New York Times columnist Charles Blow blasted “Bernie or Bust” voters for
engaging in “scorched-earth electoral portentousness” mired in “petulance and
privilege” and “filled with lust for doom.”
The Forward’s JJ Goldberg, in an article headlined “ ‘Bernie or Bust’ is
Self-indulgent, Stubborn – and Dangerous,” warned that “[w]hining about
[Clinton’s] weaknesses can only depress November turnout and hand Washington to
the GOP, lock, stock and barrel.”
And Michael Tomasky of The Daily Beast lamented that these anti-Clinton
refuseniks are mostly privileged white people with no skin in the game.
Even Hillary Clinton chimed in, tweeting: “Some folks may have the luxury to
hold out for ‘the perfect.’ But a lot of Americans are hurting right now and
they can’t wait for that.”
It has become accepted orthodoxy in establishment circles to view Trump as an
authoritarian race-baiter who would present a major threat to the world if
elected in November.
While this characterization is certainly well founded, it ignores the fact that
Clinton is also dangerous to world stability. And unlike Trump, she has the
blood on her hands to prove it.
If lesser evilism is the goal, as establishment pundits insist, it remains
unclear who the lesser evil is – if the choice is limited to Trump or Clinton.
Warrior queen
On many issues, particularly trade and foreign policy, Clinton is to the right
of Trump, with an inclination toward militaristic belligerence that more
closely resembles a neoconservative war hawk than the progressive she claims to
be.
For evidence, look no further than the neoconservatives themselves, who are so
petrified of Trump’s noninterventionist approach to foreign policy, they are
ready to line up behind Clinton.
This isn’t the first time Clinton has won the adoration of the war hawks.

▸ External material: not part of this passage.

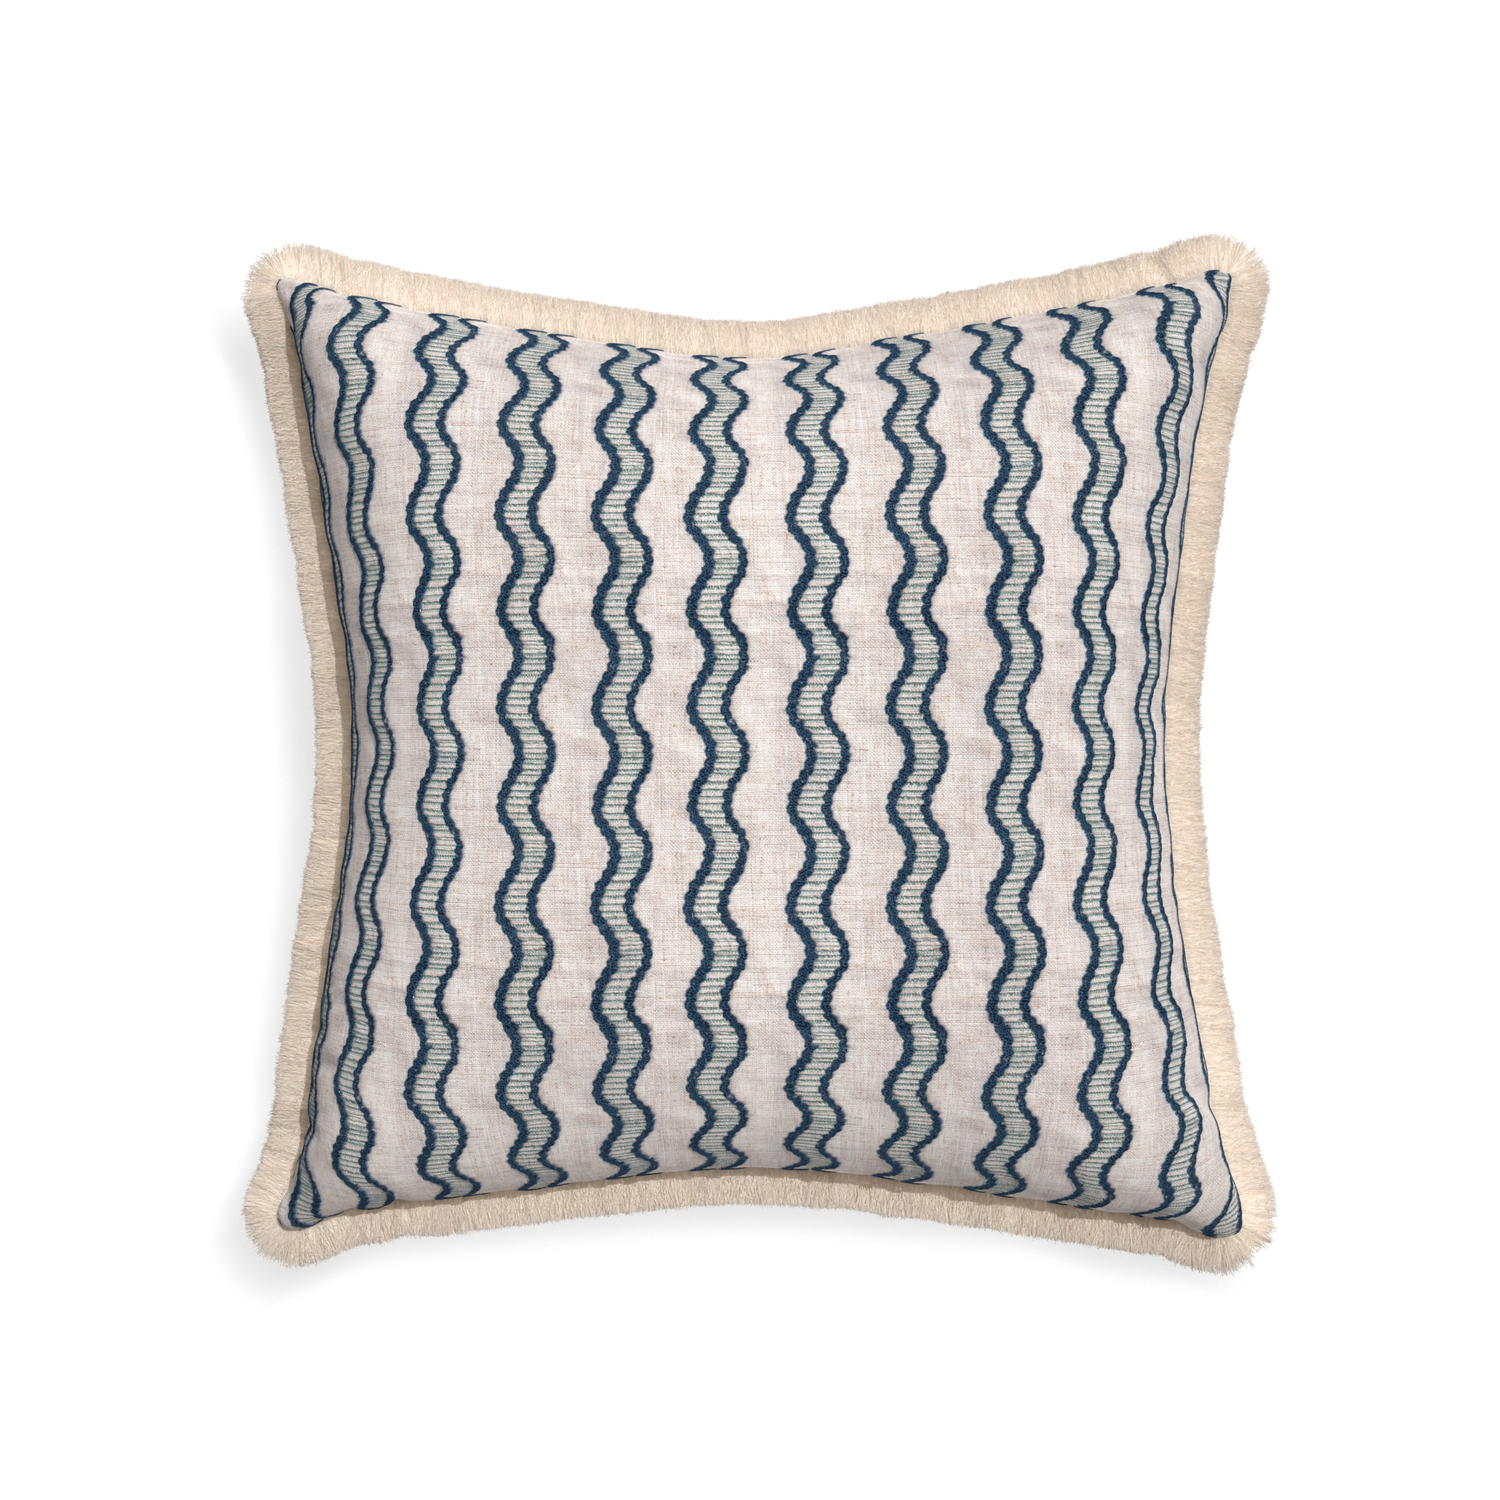 22-square beatrice custom embroidered wavepillow with cream fringe on white background

Back in 2008, neoconservatives breathed a sigh of relief when President Barack
Obama nominated Clinton as his secretary of state.
Richard Perle, former chair of the Defense Policy Board under President George
W. Bush and a leading architect of the Iraq war, said of Clinton’s appointment,
“I’m quite pleased … There’s not going to be as much change as we were led to
believe.”
The neoconservative Weekly Standard also celebrated Clinton’s nomination,
applauding her evolution from “First Feminist” to “Warrior Queen, more Margaret
Thatcher than Gloria Steinem.”
Clinton went on to exceed neoconservative expectations.
Former Vice President Dick Cheney said he was impressed with Clinton’s work at
the State Department, which amounts to a neoconservative seal of approval.
Appearing on MSNBC’s Morning Joe in 2014, Dan Senor, a leading neoconservative
operative and former foreign policy advisor to 2012 Republican nominee Mitt
Romney, declared, “Hillary is more hawkish than any of us!”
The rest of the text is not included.